For years, marketers have implemented psychological tactics in marketing campaigns to influence users to take desired actions.
However, in our “always-connected” culture where people are constantly engaging with internet content, there’s been a blurred line between innocent marketing and manipulation.
With standard marketing tactics, brands are competing for sales. However, the game is slightly changed with social media apps — now, they’re competing for your attention. Since these platforms make the majority of their revenue from advertising sales, these companies have an increased incentive to employ tactics that keep users on their platform for longer periods of time.
So much so that the government is taking notice.
Now, tech companies are using well-researched psychological tactics in the UX to create apps and and websites that are purpose-built to essentially create an “addiction” for their users.
“Prohibit social media companies from using practices that exploit human psychology or brain physiology to substantially impede freedom of choice, to require social media companies to take measures to mitigate the risks of internet addiction and psychological exploitation, and for other purposes.”
What’s in the SMART Act?
Hawley’s SMART Act seeks to ban the following tactics apps and platforms utilize to influence engagement:
Infinite scroll or auto-refill
Elimination of natural stopping points
Auto-play (with the exception of pre-made playlists or music streaming purposes)
Badges and other rewards linked to engagement with the platform
I think most of us can relate to the moment when you click on one Facebook video, and after scrolling for a while, you realize much more time has passed than you had thought.
Because Facebook will automatically scroll to the next video and block your smartphone’s clock from appearing, it’s easy to get lost in hours of video content. This is made even more powerful by Facebook’s advanced algorithm that keeps tabs on what you’re watching to provide recommendations you’d be interested in.
While I do understand that Facebook is doing this to intentionally keep users on the platform longer and why that can be seen as problematic, I’m not going to lie — I really do enjoy the infinite scroll feature, and if it were to go away it's unlikely I'd watch the same amount of video content on the platform.
Beyond Facebook’s auto-scroll, the bill would ban another popular social media feature — Snapstreaks.
If you’re not aware, Snapchat has a feature called Snapstreaks that indicates how many times you and another person have “Snapchatted” each other in a row. For each milestone, you get a new emoji tacked onto your Snapchat friendship.
I don’t personally use it, but some people are really invested in it and have ongoing Snapstreaks dating back years.
But, according to the SMART Act, this feature would be seen as a “badge or reward” for continuous engagement to the platform — meaning that users will return more often than they otherwise would for that reward.
How will the SMART bill affect marketers?
The SMART bill is similar to another Senate bill banning websites from utilizing “Dark Patterns” to manipulate users. Overall, because people now spend so much time on the internet, it should be unlawful to intentionally mislead or manipulate users.

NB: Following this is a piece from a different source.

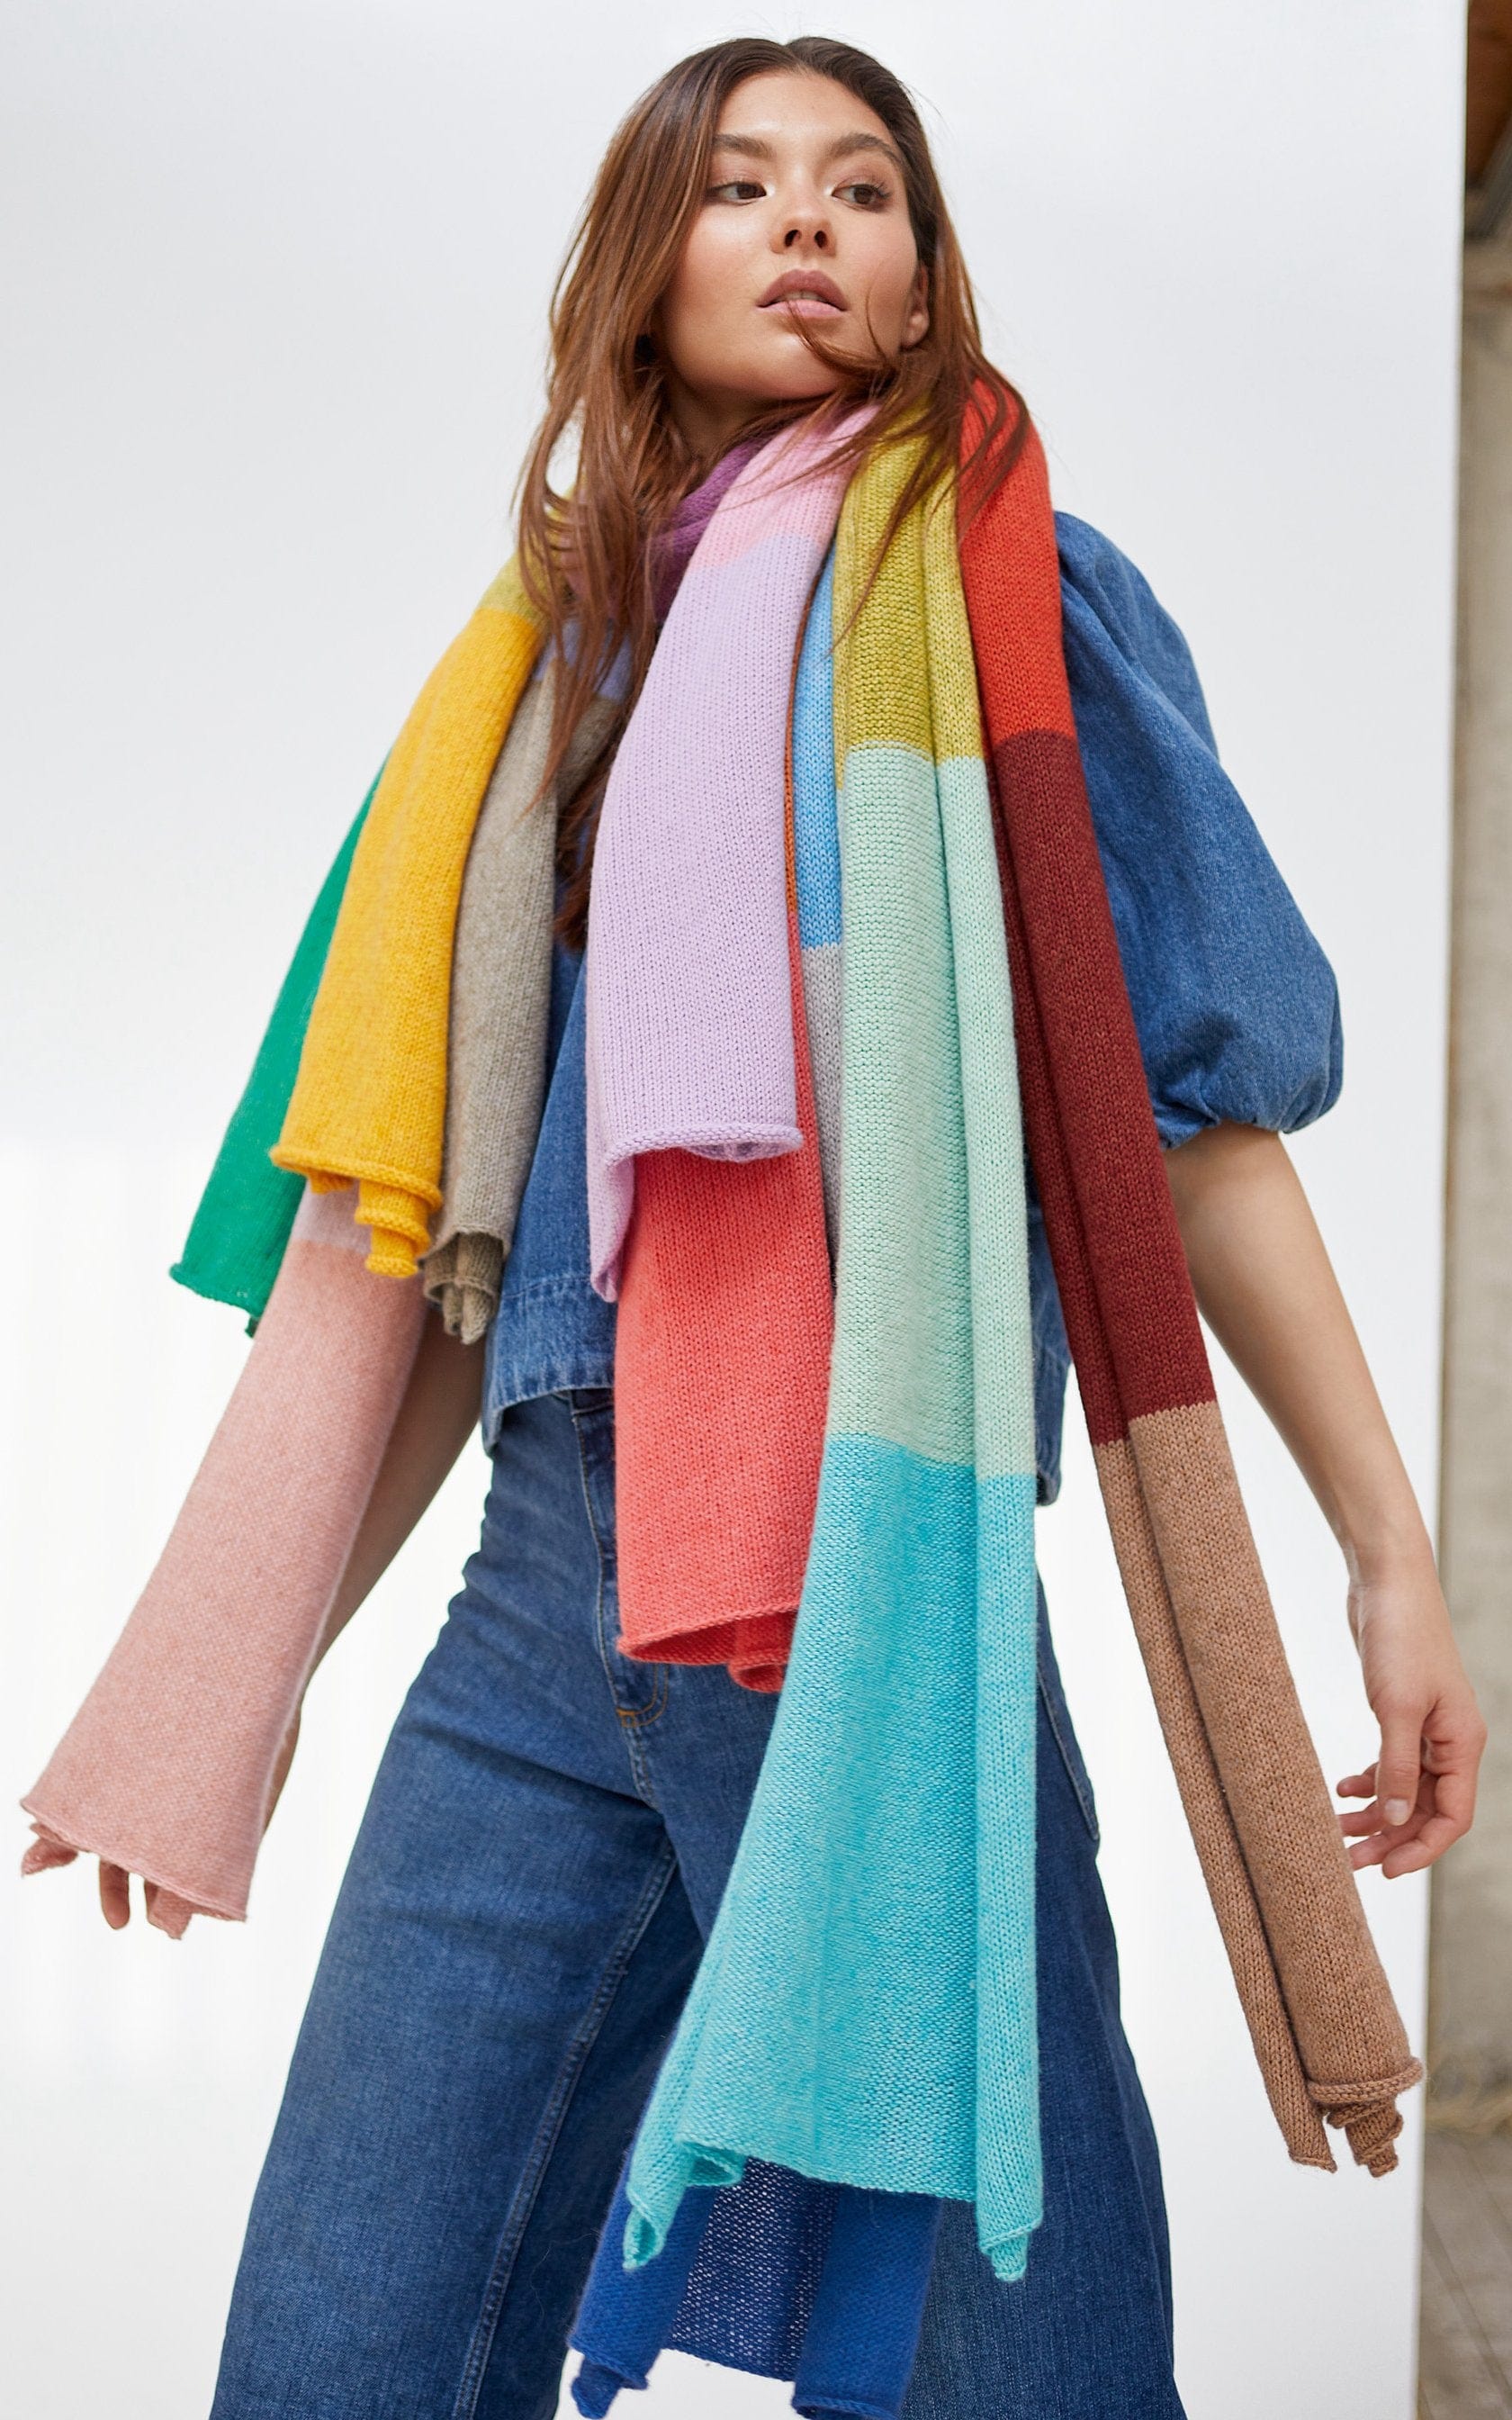 Schal mit Colorblocks - ECOPUNO - Strickset von LANA GROSSA jetzt online kaufen bei OONIQUE

Still, if this bill passes (it's too early to tell the likelihood), it could set a precedent that would certainly shake up the industry, for better or for worse.
As it stands already, platforms are constantly competing with one another to get more engagement time and repeat visits. For marketers, you want to advertise on the platform where people are spending longer amounts of time to increase the chances of reaching your audience.
This increased engagement also allows advertisers to charge more for ads, as more traffic means more views, clicks, and impressions.
If that all goes away, it will be interesting to see how engagement time is affected, and if ad performance drops as a result.
Beyond advertisement purposes, I think there’s a point to be made about the role of social media and internet-connected apps in our modern lives — and that they may have a larger effect on our behavior than we realize.
Putting restrictions in place like this may force marketers to re-evaluate their advertising strategy, and also force them to turn to their own website or apps' UX and see if they’re employing similar tactics.
Engagement is great, but earned engagement is better — and it soon may be required by law to eliminate any attempts to sway user behavior in this way.